• [Extracted information]:
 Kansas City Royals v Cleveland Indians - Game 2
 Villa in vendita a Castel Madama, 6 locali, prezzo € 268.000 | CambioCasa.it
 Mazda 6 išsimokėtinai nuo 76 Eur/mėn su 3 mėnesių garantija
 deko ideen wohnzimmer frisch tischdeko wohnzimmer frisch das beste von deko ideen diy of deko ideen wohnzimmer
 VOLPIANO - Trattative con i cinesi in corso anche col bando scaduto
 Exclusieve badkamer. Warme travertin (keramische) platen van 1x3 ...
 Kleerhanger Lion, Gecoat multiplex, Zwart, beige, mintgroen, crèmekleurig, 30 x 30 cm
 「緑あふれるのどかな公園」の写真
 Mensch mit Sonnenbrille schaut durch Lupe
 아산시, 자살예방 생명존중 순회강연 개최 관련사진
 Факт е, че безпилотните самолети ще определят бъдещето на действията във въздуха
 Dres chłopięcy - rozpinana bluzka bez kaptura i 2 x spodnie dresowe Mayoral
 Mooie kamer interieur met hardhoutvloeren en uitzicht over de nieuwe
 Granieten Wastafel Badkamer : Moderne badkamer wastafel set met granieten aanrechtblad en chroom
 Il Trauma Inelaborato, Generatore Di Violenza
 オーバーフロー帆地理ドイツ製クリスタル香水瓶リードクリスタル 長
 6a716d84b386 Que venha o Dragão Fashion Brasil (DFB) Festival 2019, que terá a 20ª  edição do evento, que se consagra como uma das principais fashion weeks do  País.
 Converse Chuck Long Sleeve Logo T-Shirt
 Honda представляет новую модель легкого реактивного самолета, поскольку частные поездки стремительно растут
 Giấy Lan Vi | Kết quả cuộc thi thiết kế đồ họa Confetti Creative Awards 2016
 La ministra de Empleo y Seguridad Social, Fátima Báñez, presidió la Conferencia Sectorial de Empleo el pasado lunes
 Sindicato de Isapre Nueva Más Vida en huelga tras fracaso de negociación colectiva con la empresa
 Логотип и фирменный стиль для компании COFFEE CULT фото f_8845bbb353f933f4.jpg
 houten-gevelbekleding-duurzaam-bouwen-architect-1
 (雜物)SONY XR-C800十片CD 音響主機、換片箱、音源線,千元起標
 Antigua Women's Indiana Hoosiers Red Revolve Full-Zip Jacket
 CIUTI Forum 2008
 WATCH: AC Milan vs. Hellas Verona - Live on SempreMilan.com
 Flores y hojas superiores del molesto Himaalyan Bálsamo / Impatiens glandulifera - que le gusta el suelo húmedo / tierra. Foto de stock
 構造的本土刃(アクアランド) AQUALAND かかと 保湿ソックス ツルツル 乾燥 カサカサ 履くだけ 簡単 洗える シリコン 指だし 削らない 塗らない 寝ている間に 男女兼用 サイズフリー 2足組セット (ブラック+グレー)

• [Prompt]: Each line from the top of the listing down to and including the one containing "VOLPIANO - Trattative" should be transcribed exactly; nothing else is to be output.

• [Completed exercise]:
 Kansas City Royals v Cleveland Indians - Game 2
 Villa in vendita a Castel Madama, 6 locali, prezzo € 268.000 | CambioCasa.it
 Mazda 6 išsimokėtinai nuo 76 Eur/mėn su 3 mėnesių garantija
 deko ideen wohnzimmer frisch tischdeko wohnzimmer frisch das beste von deko ideen diy of deko ideen wohnzimmer
 VOLPIANO - Trattative con i cinesi in corso anche col bando scaduto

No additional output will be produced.